#### WHAT THE TASK REQUIRES:
Taking the entries below, transcribe only the lines starting with the one with "Camo Camel S-Sleeve Romper" and going on through the one with "Lowongan Kerja PT", exactly as written, without the pictures.

Top of DATA UNDER STUDY

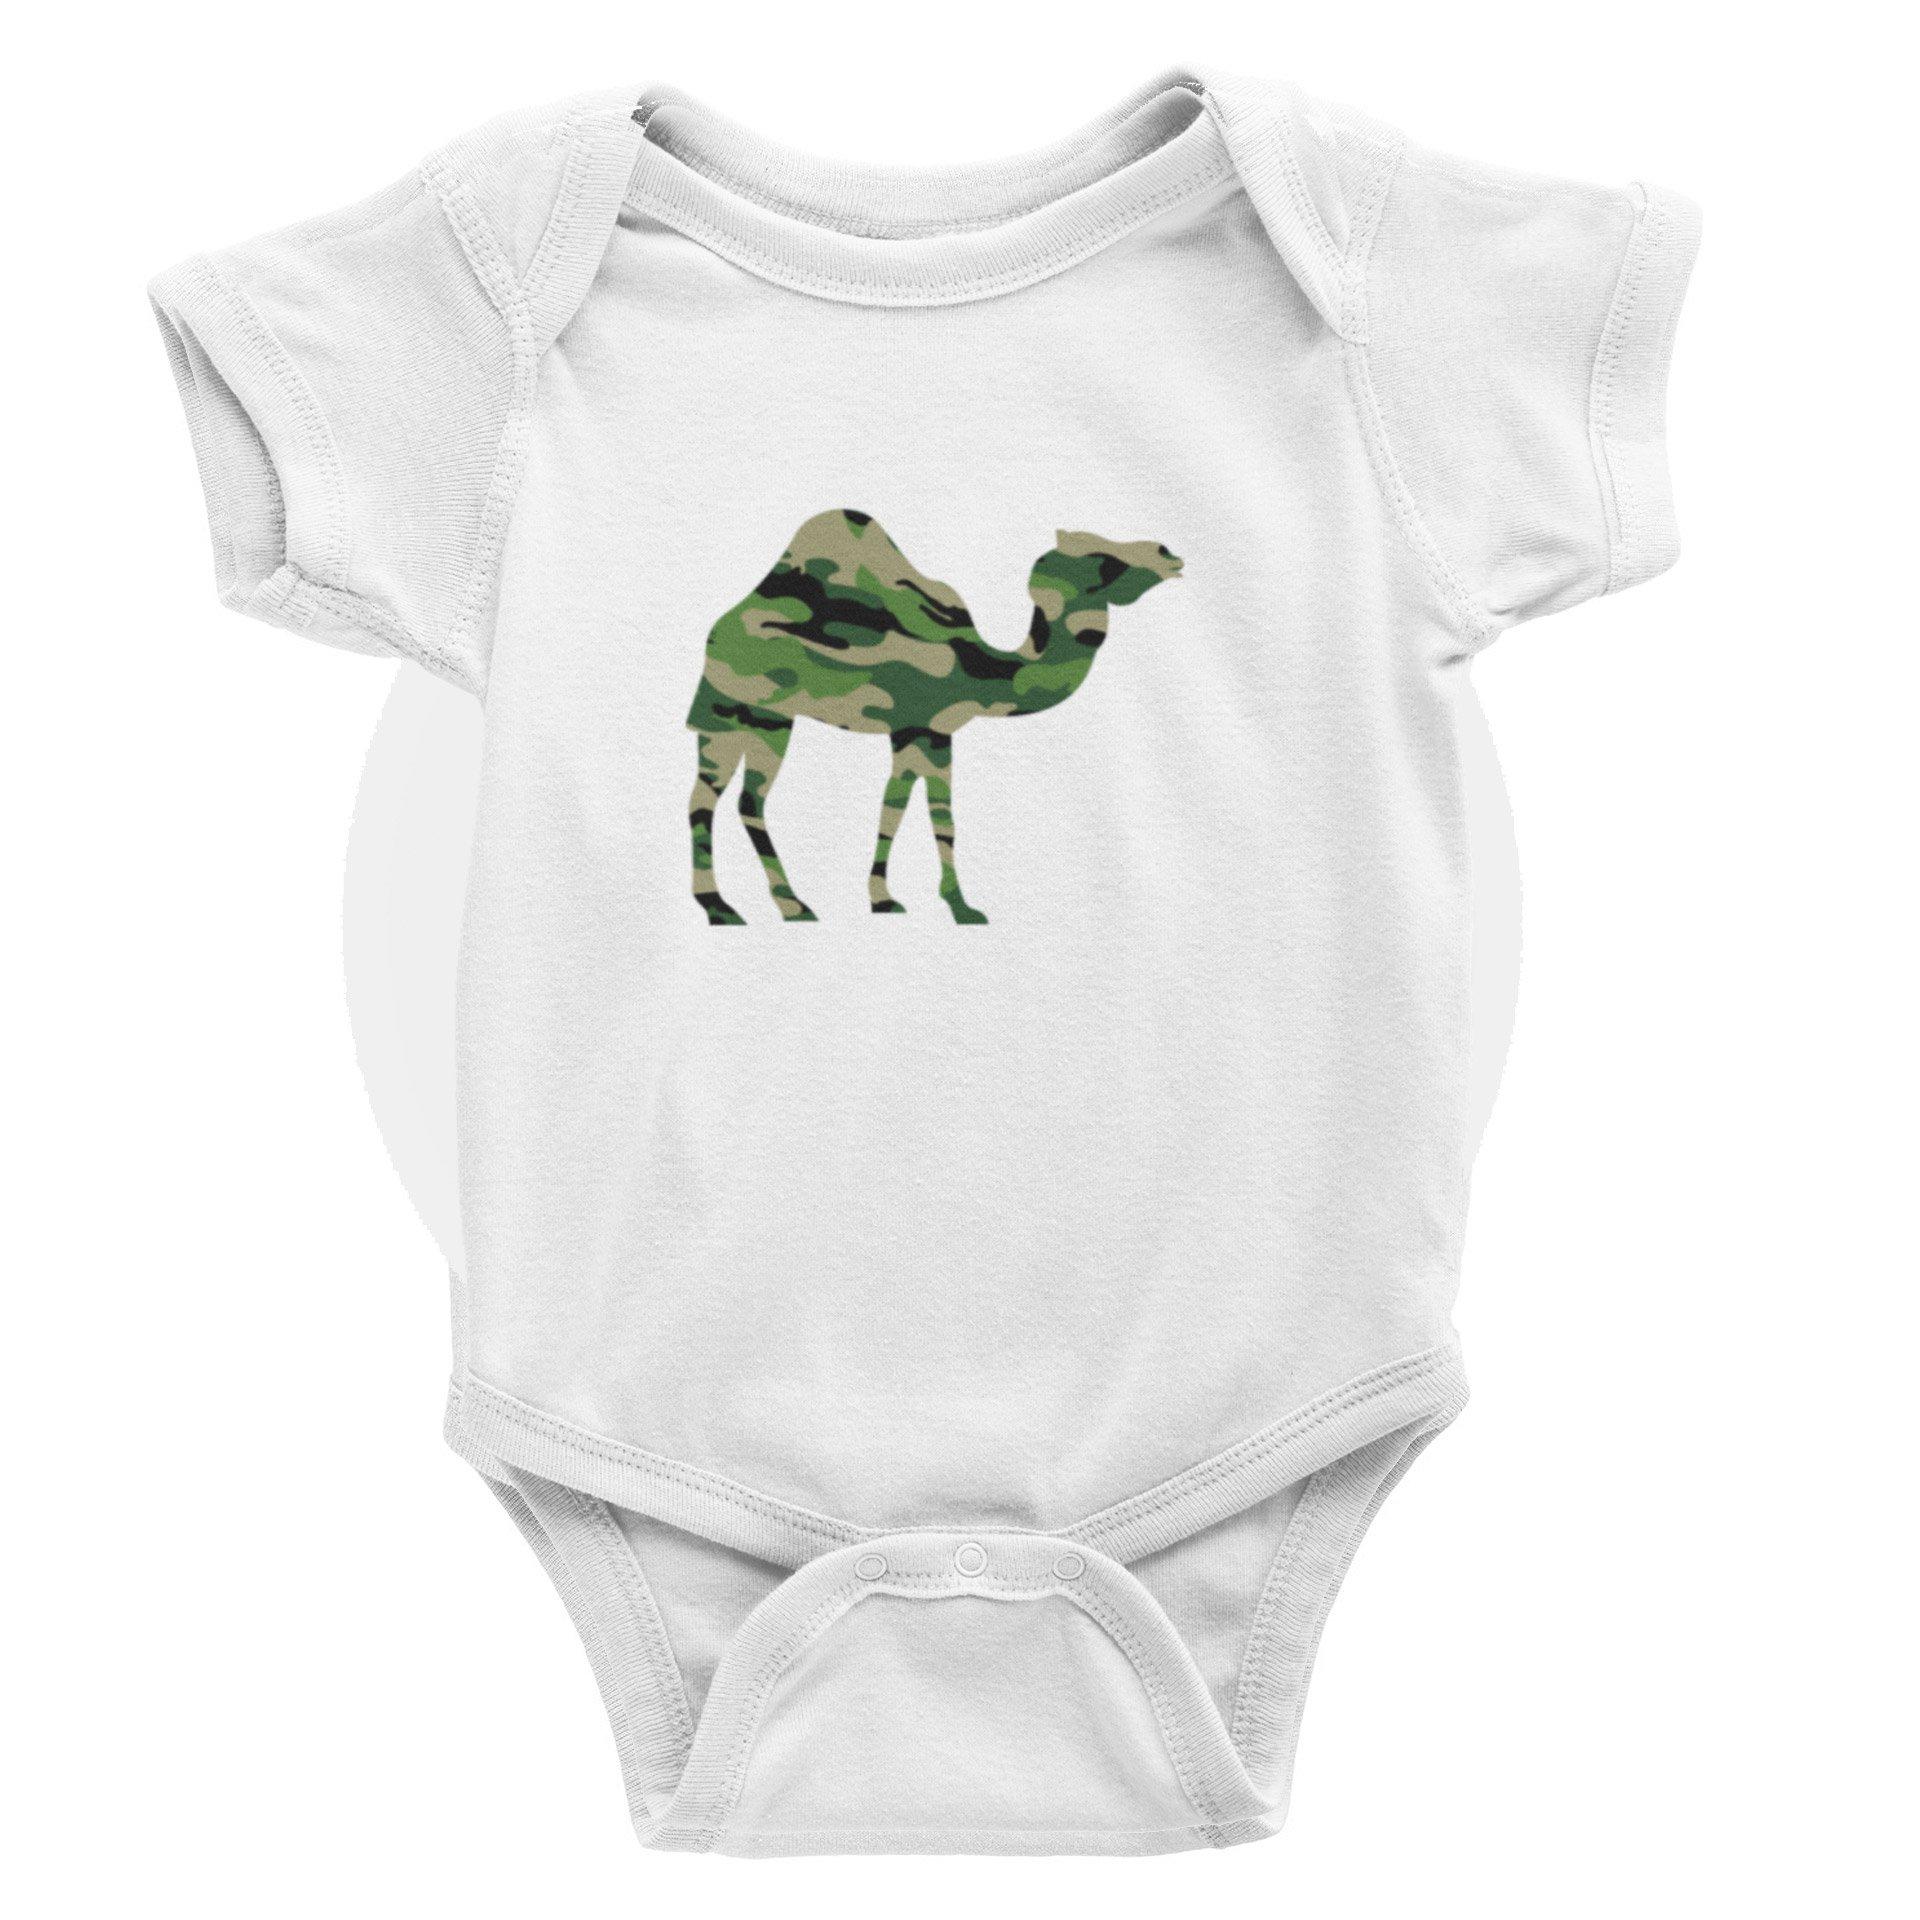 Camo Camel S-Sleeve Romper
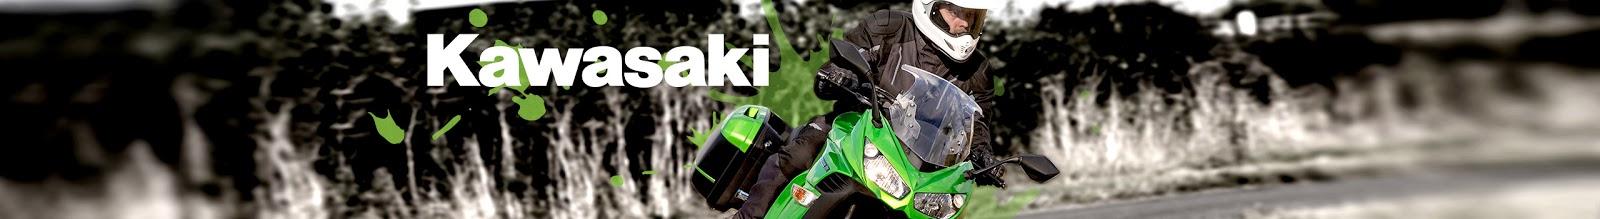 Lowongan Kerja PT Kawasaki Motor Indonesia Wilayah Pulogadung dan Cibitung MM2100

Bottom of DATA UNDER STUDY
Top of DATA UNDER STUDY

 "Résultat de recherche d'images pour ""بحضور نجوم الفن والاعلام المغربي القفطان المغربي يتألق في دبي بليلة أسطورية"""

Bottom of DATA UNDER STUDY
Top of DATA UNDER STUDY

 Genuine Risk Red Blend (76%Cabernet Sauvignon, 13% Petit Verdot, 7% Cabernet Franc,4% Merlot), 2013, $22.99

Bottom of DATA UNDER STUDY

#### EXERCISE ANSWER:
 Camo Camel S-Sleeve Romper
 Lowongan Kerja PT Kawasaki Motor Indonesia Wilayah Pulogadung dan Cibitung MM2100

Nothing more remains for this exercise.